Я посмотрел вниз, лопотуны – самозабвенно лопотали. Да, было непохоже, чтобы они даже знали правила игры в тупаки.

– Тебе бросать! – вернула меня в легкий мир Инна.

Кажется, пока я засматривался на лопотунов, она передвинула свой тупак, и теперь выигрывала уже 67 очков. Ну, и кто она после этого? Конечно же, облако грез моих, изредка превращающаяся в тучу…

– Что?

– Ничего, я делаю из своей воли кулич и сейчас мой тупак… – я решил одним броском решить все свои проблемы, но промазал. – Что-то мне захотелось…

Но Инна уже стояла в позиции и мне снова пришлось догонять своё любимое отражение.

Шут

Чуть позже:

– Как жизнь? – с сарказмом спросил я.

– М-м-м! – с оргазмом ответила Марта.

Ещё чуть позже:

– А тебе как? – спросила уже меня воплощение в женщину третьего месяца года.

Оргазмы у меня кончились, поэтому я промолчал, просто не время было острить или глумиться.

– А хочешь стать волшебником?

– Гм…

Это был вопрос, на который именно я не мог сказать ничего именно сейчас, кроме именно этого дурацкого "гм". Тут и стремительные воспоминания о маме ударили с одной стороны, и вопрос: откуда она знает, про эти все дела давно минувших дней, и важность самого вопроса не давала абстрагироваться и рассуждать беспристрастно. И не было времени раздумывать или наоборот не думать.

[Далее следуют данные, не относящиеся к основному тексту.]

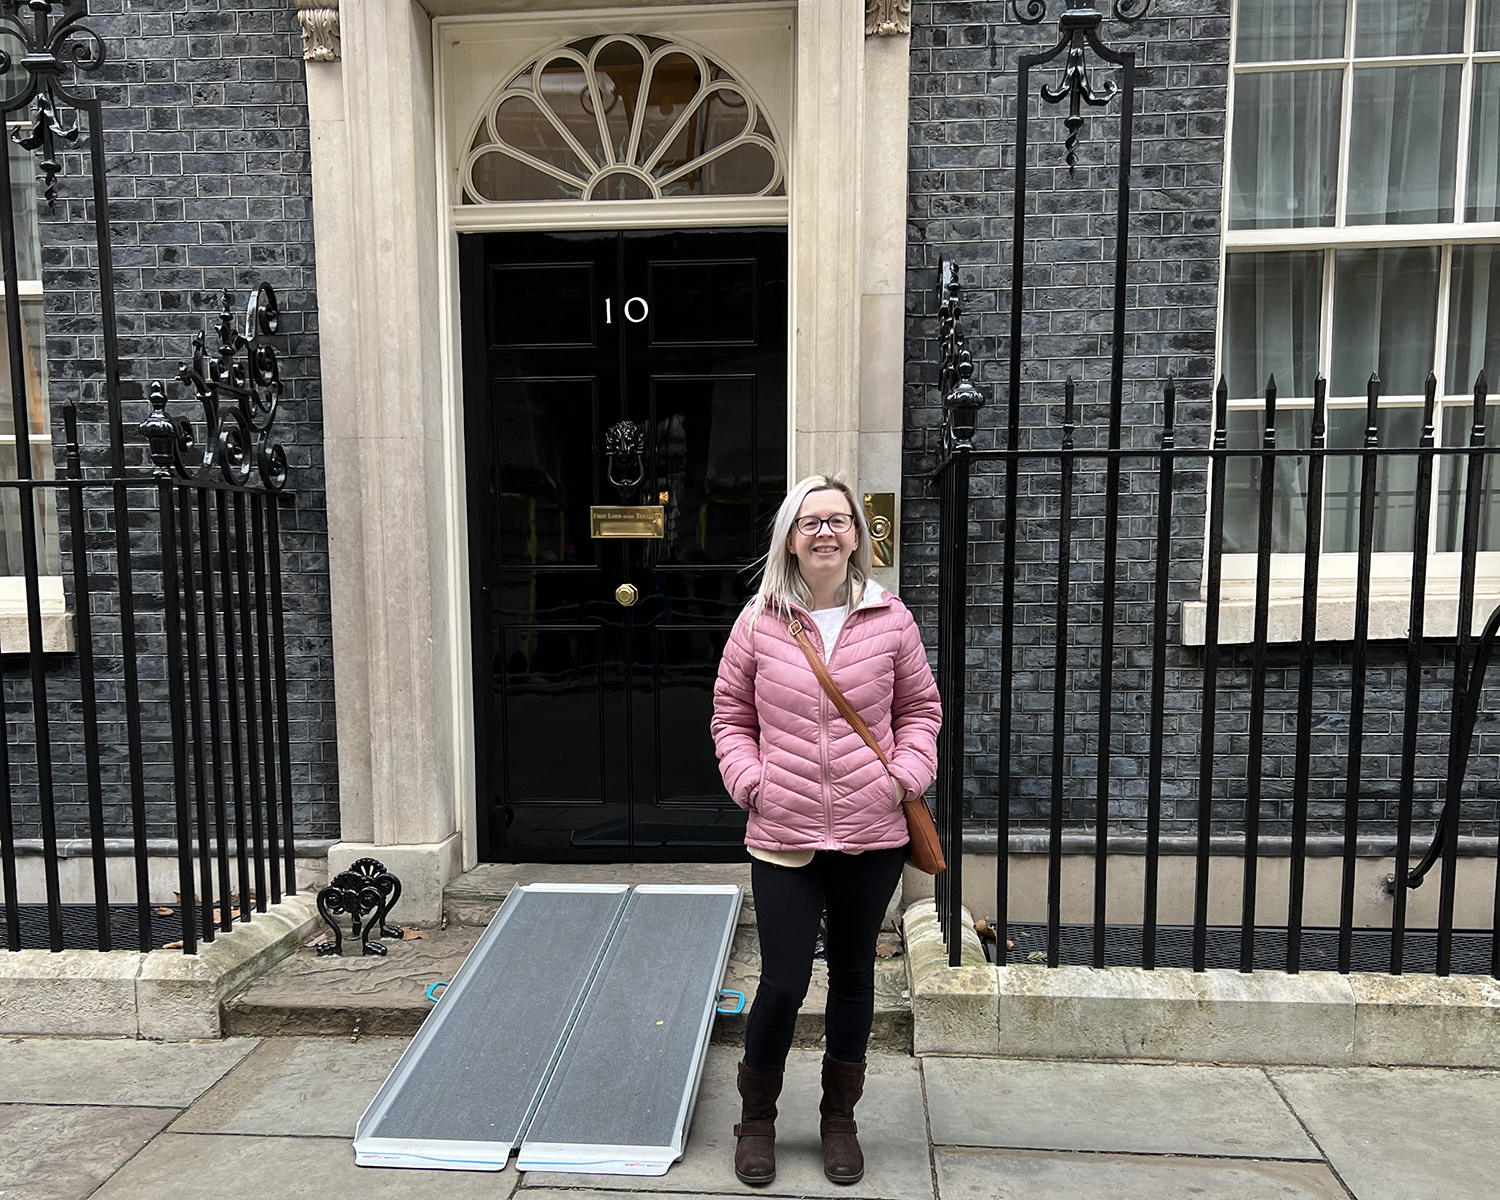 Hayley before her meeting outside 10 Downing Street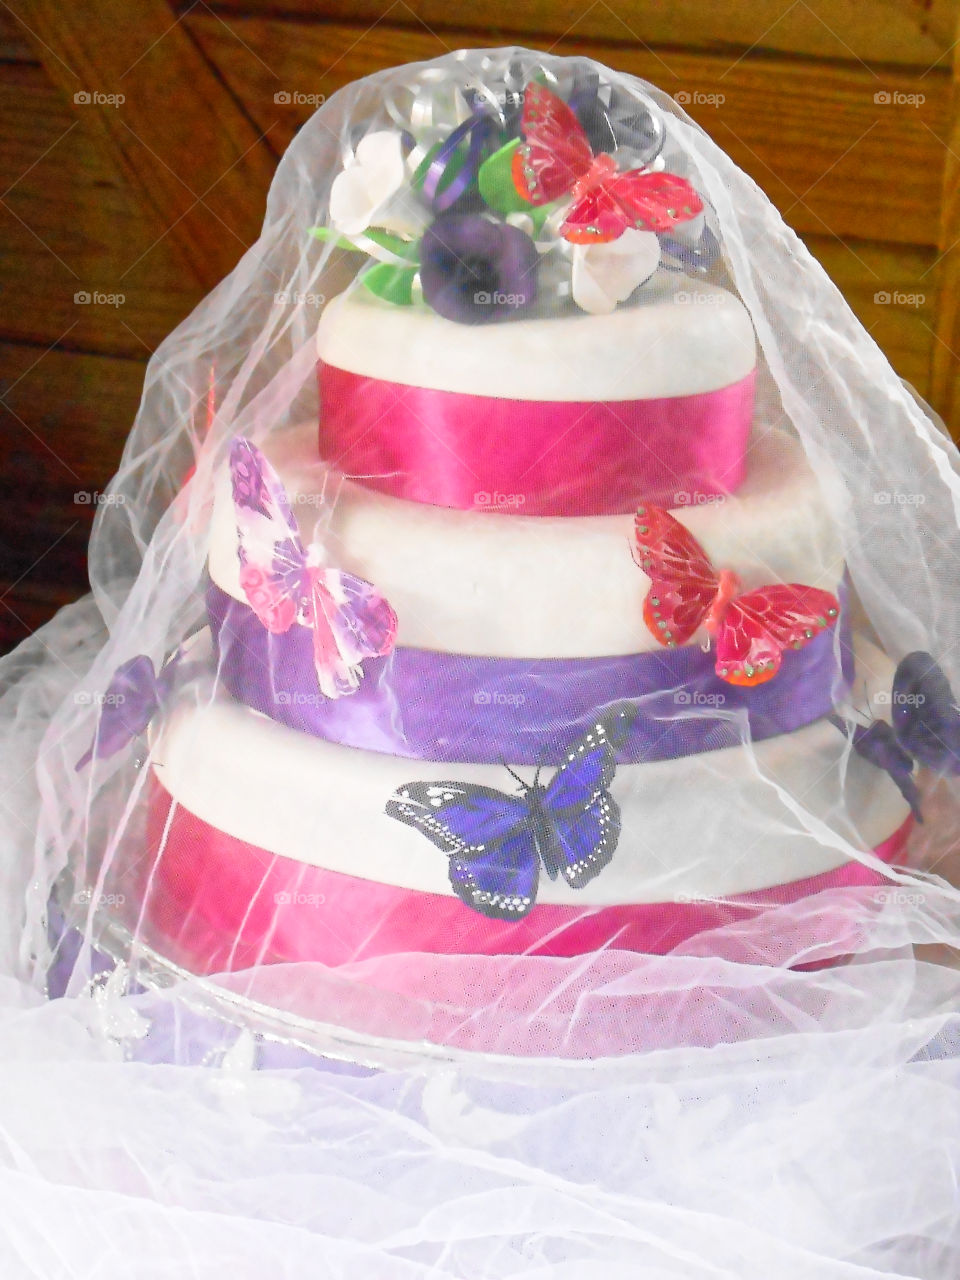 Three Tier Cake Decorated with Butterflies

– Тогда пошли! – из кровати, которая была слишком в неинтересном месте, чтобы его описывать, меня выдернула рыжая бестия и потащила куда-то, видимо, в место более интересное, хотя пока и невидимое. О том, чтобы одеться и речи быть не могло.

Однако глаза она мне завязала (не спрашивайте чем)… и завязала она мне, значится, глаза чёрной повязкой. Это было не смешно – в моей манере.

– Теперь можешь снять, – сказала она, проведя меня под чем-то, над чем-то и около чего-то, что дышало слишком громко.

– Опаньки! – только и смог сказать я, освободив глазоньки.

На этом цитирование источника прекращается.